# [Data section]
──────────────────────────────

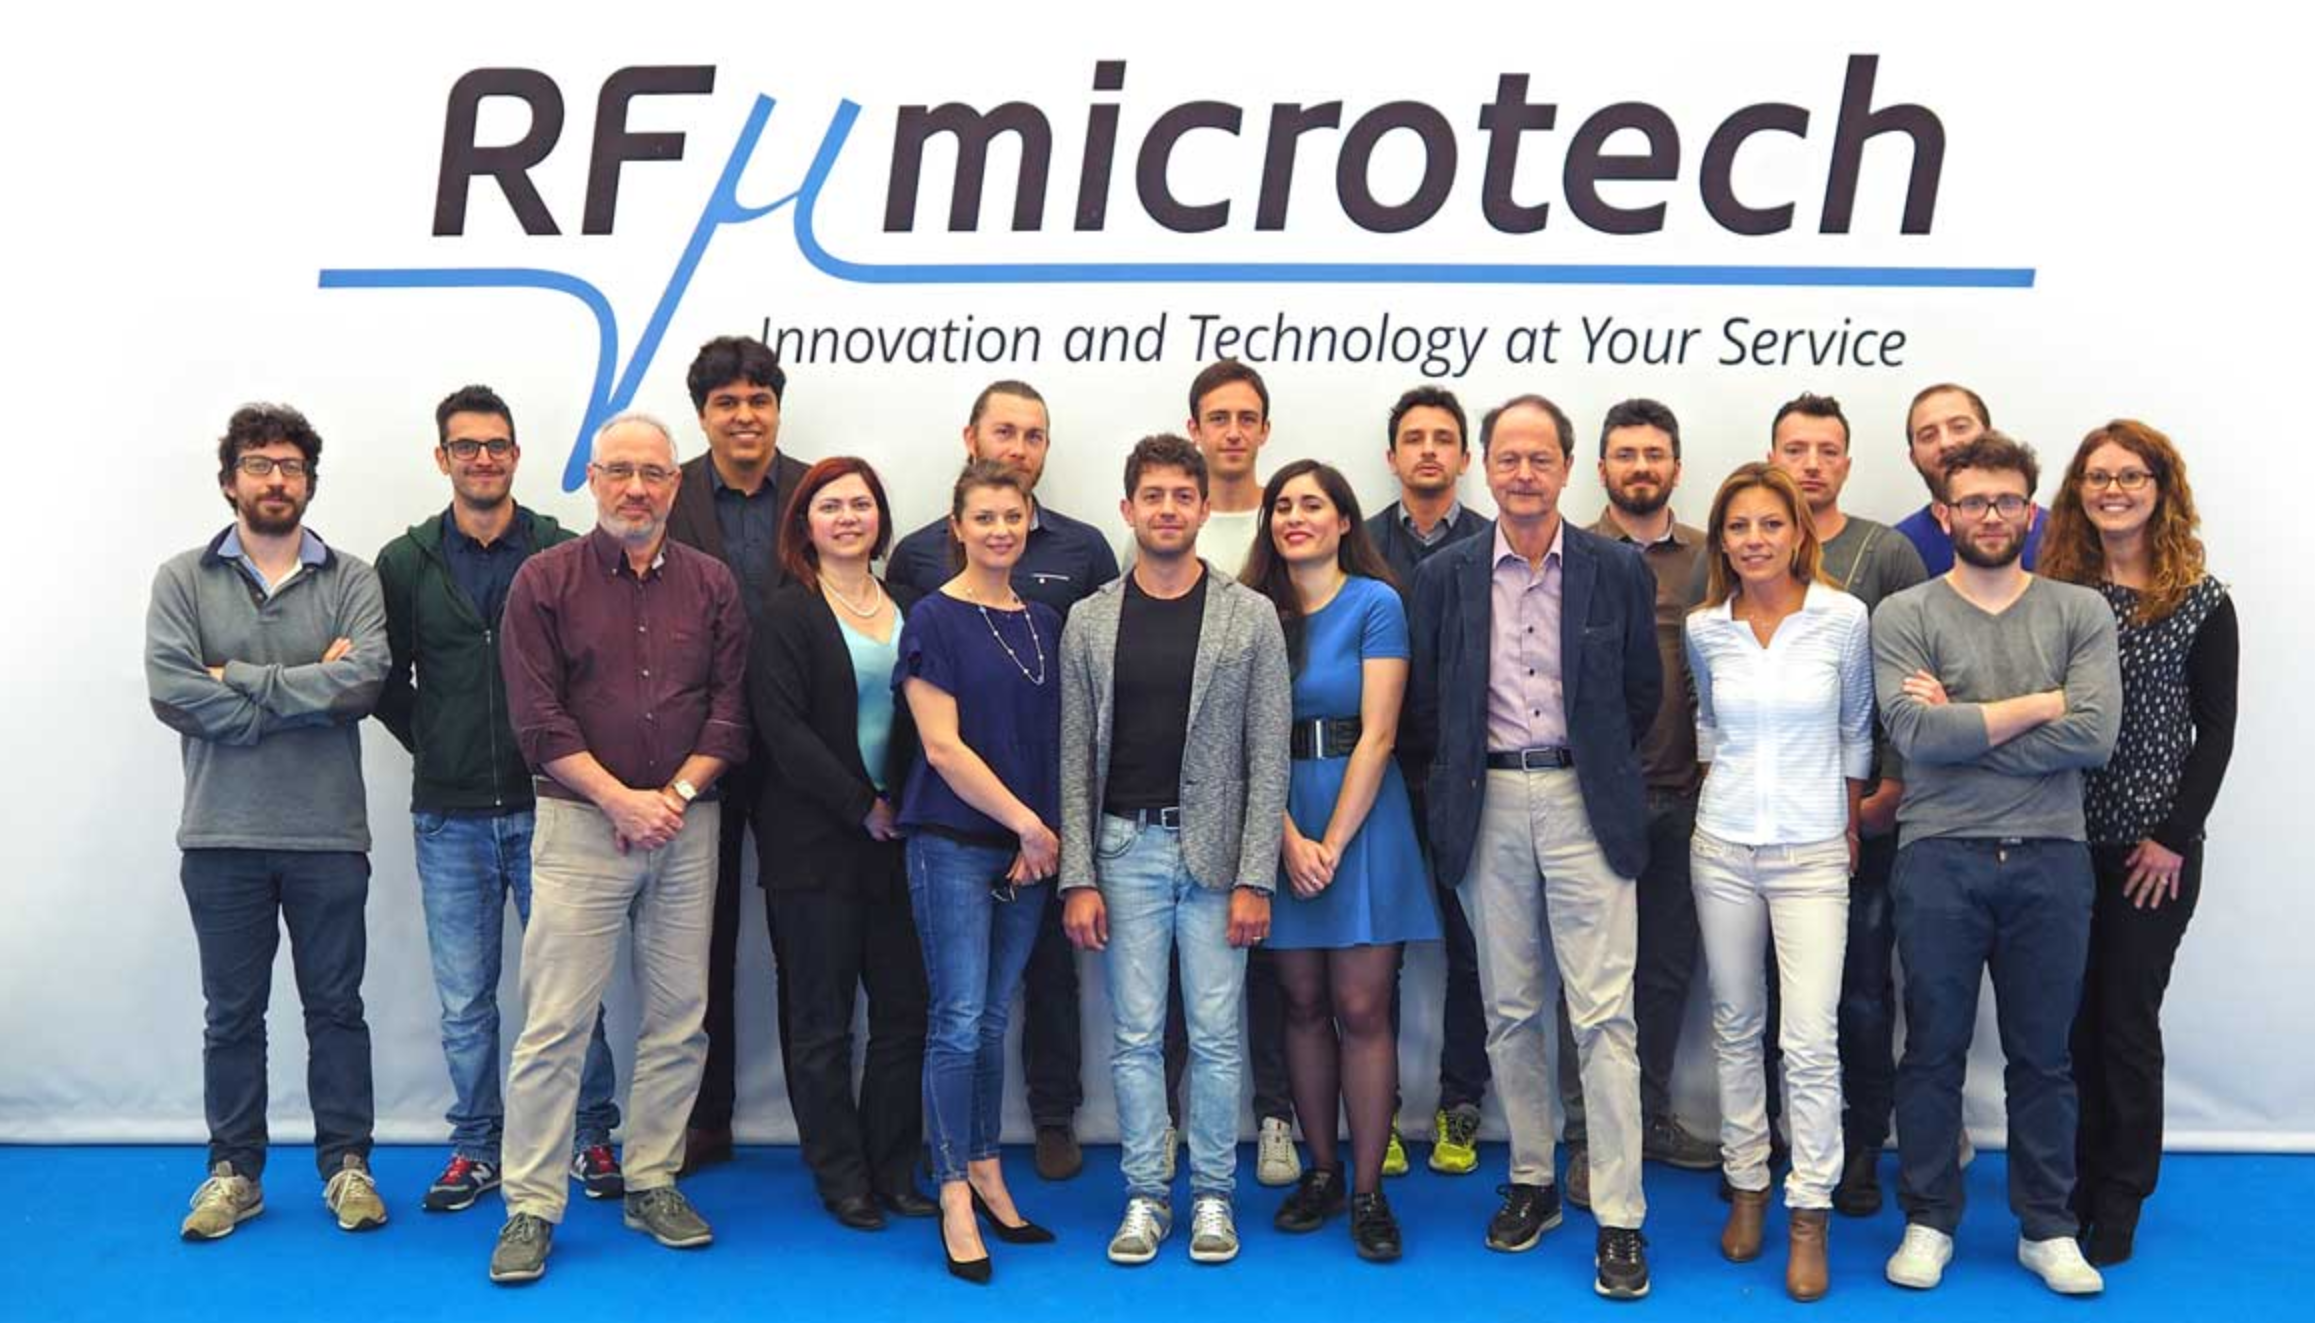 The RF Microtech team. Image: RF Microtech
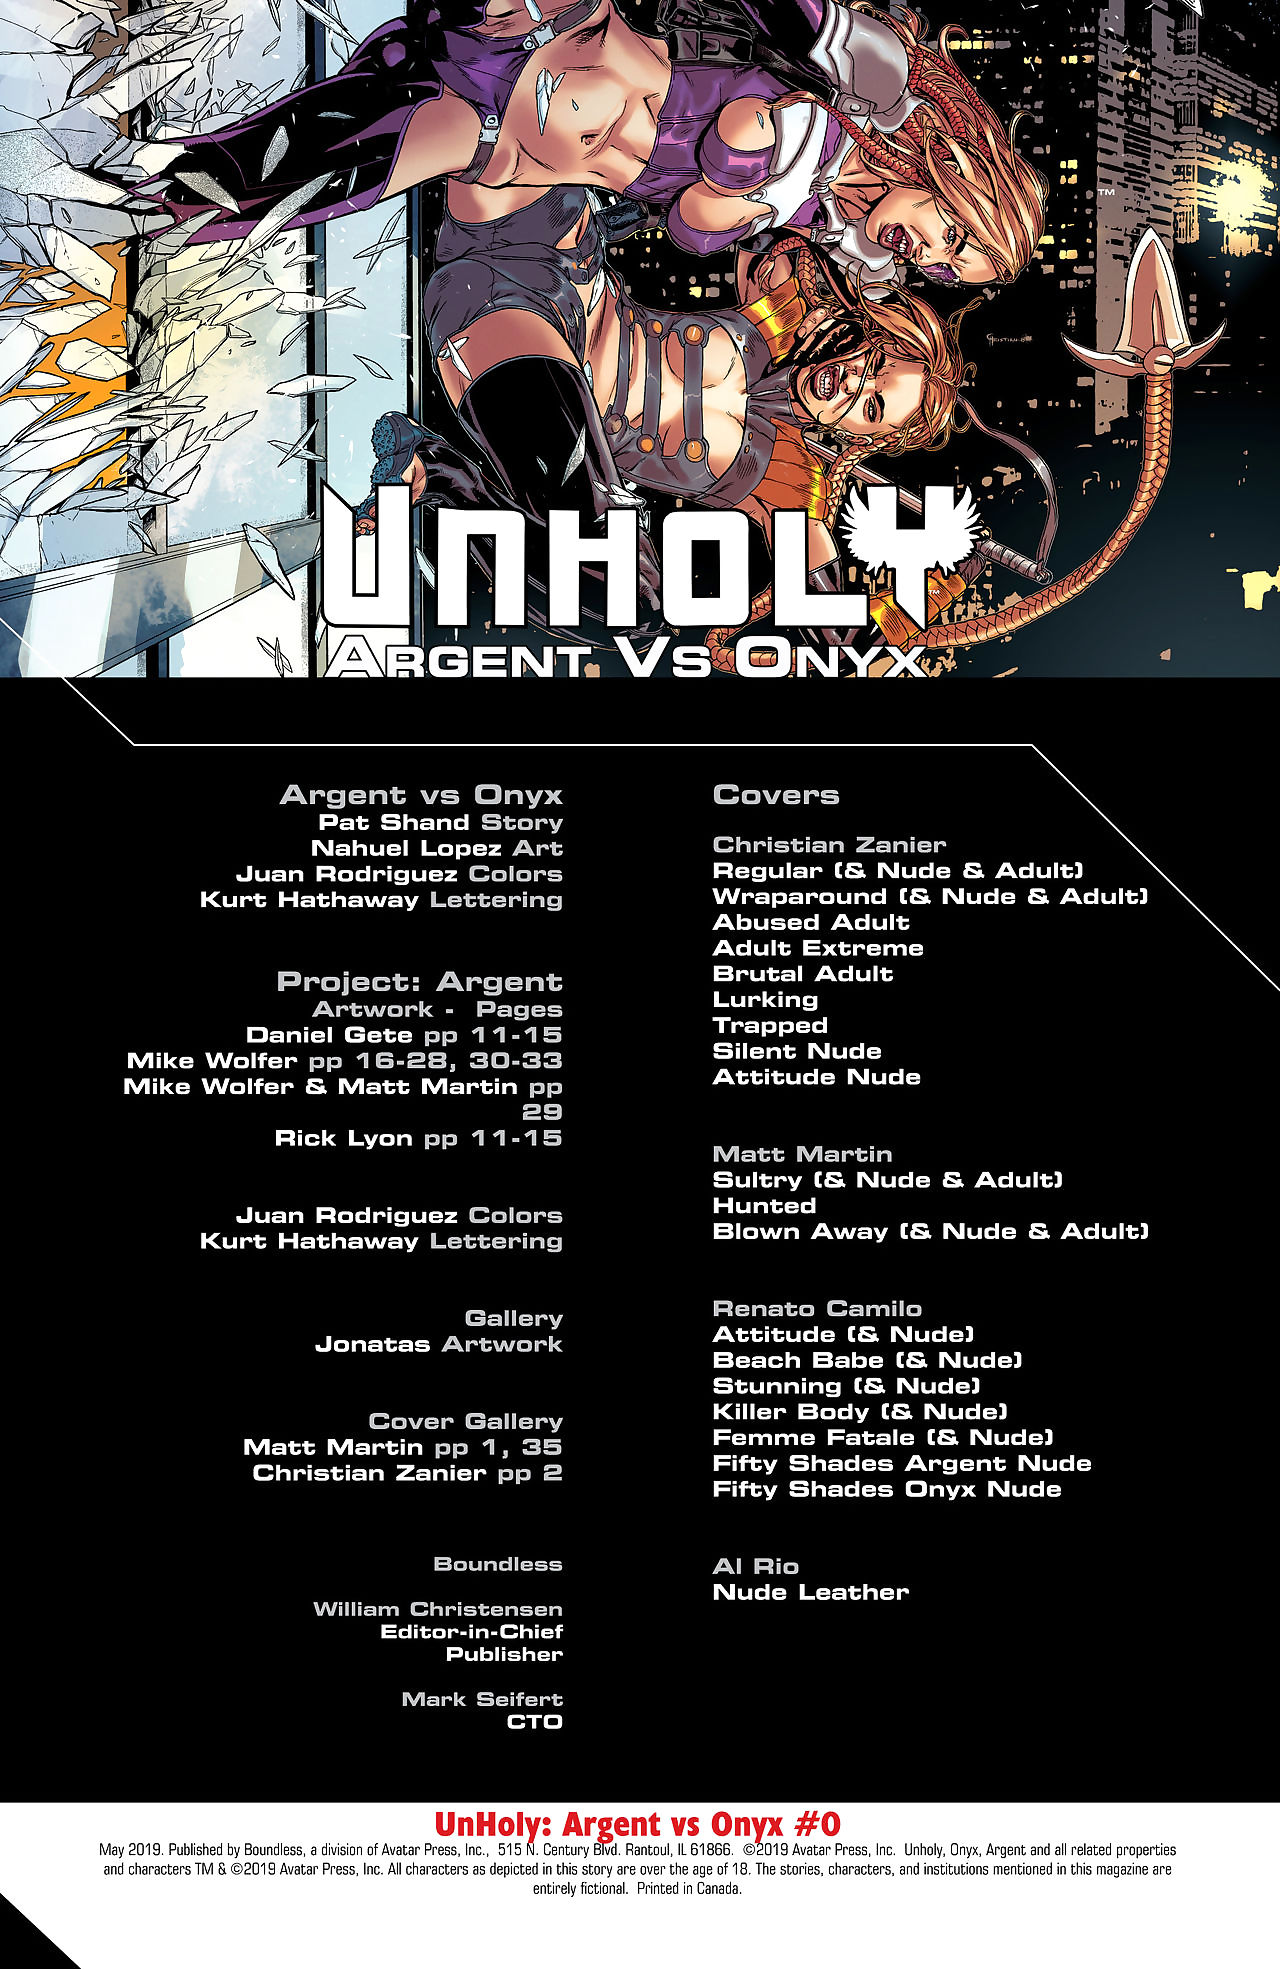 unholy: argent vs onyx #0
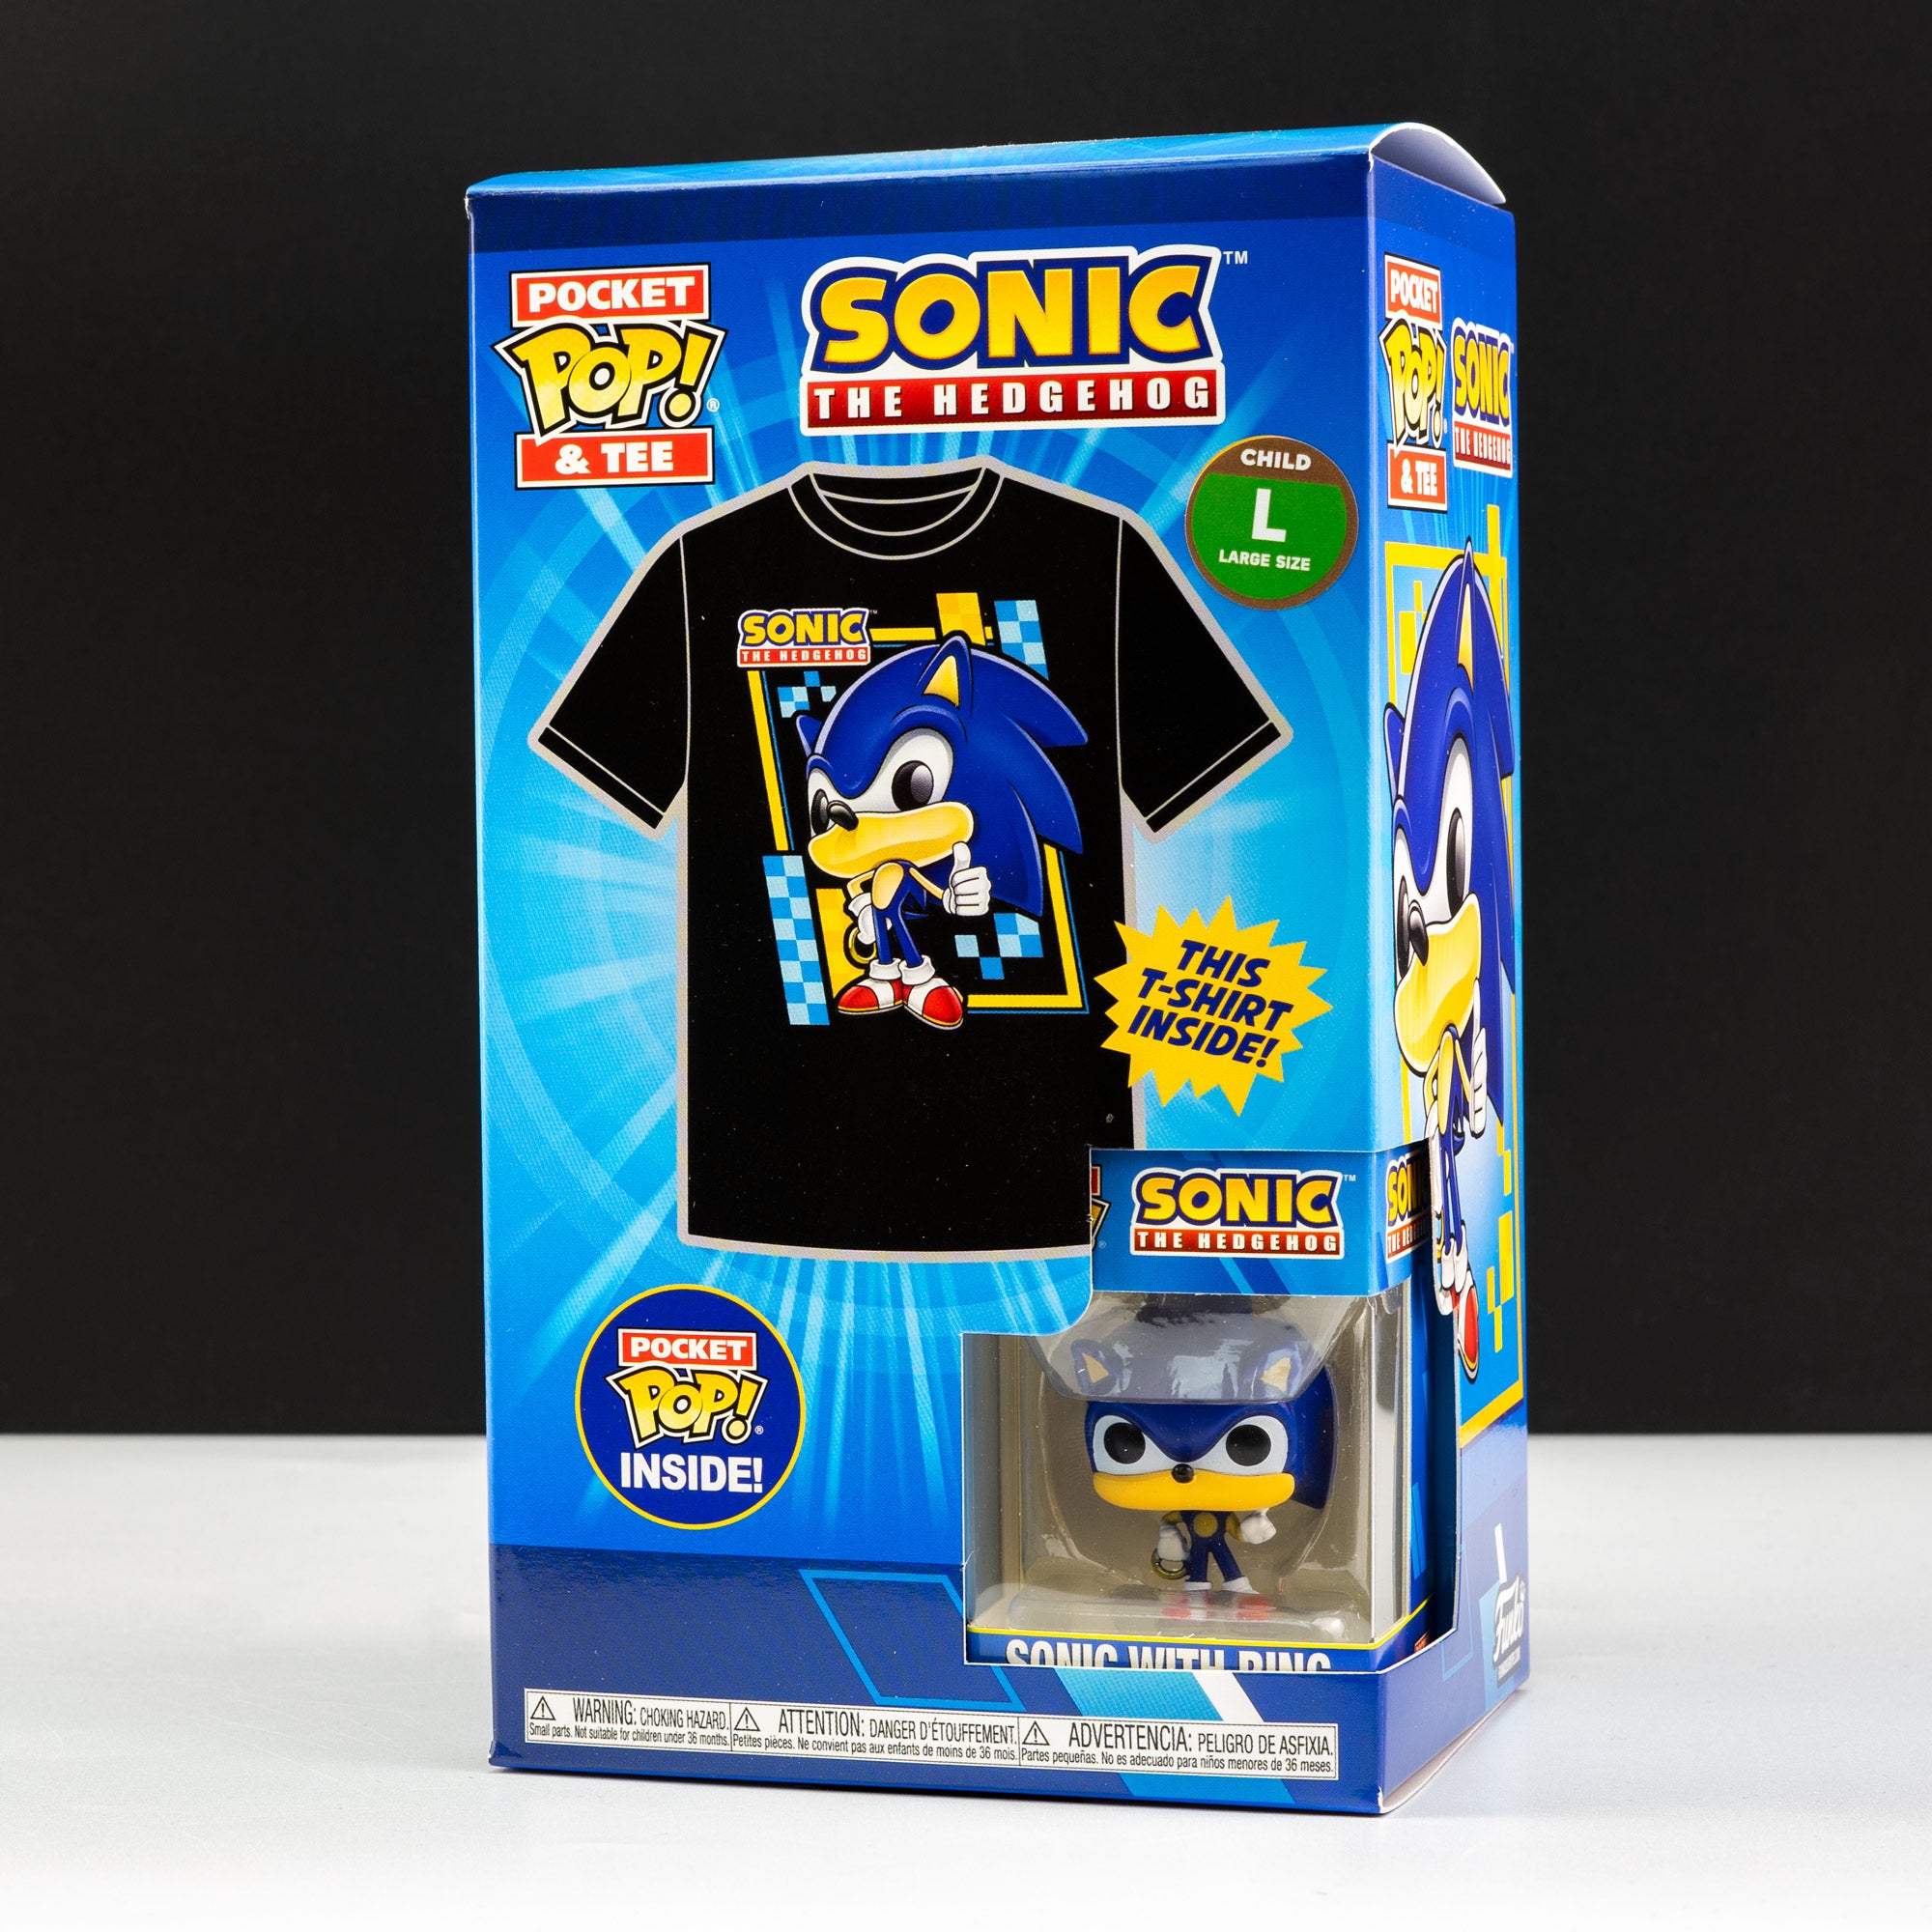 Sega Sonic the Hedgehog with Ring Pocket Pop! Vinyl and Tee Set for Kids

──────────────────────────────

Could you give all of the data again exactly as written, omitting any pictures?

# [Exercise answer]
 The RF Microtech team. Image: RF Microtech
 unholy: argent vs onyx #0
 Sega Sonic the Hedgehog with Ring Pocket Pop! Vinyl and Tee Set for Kids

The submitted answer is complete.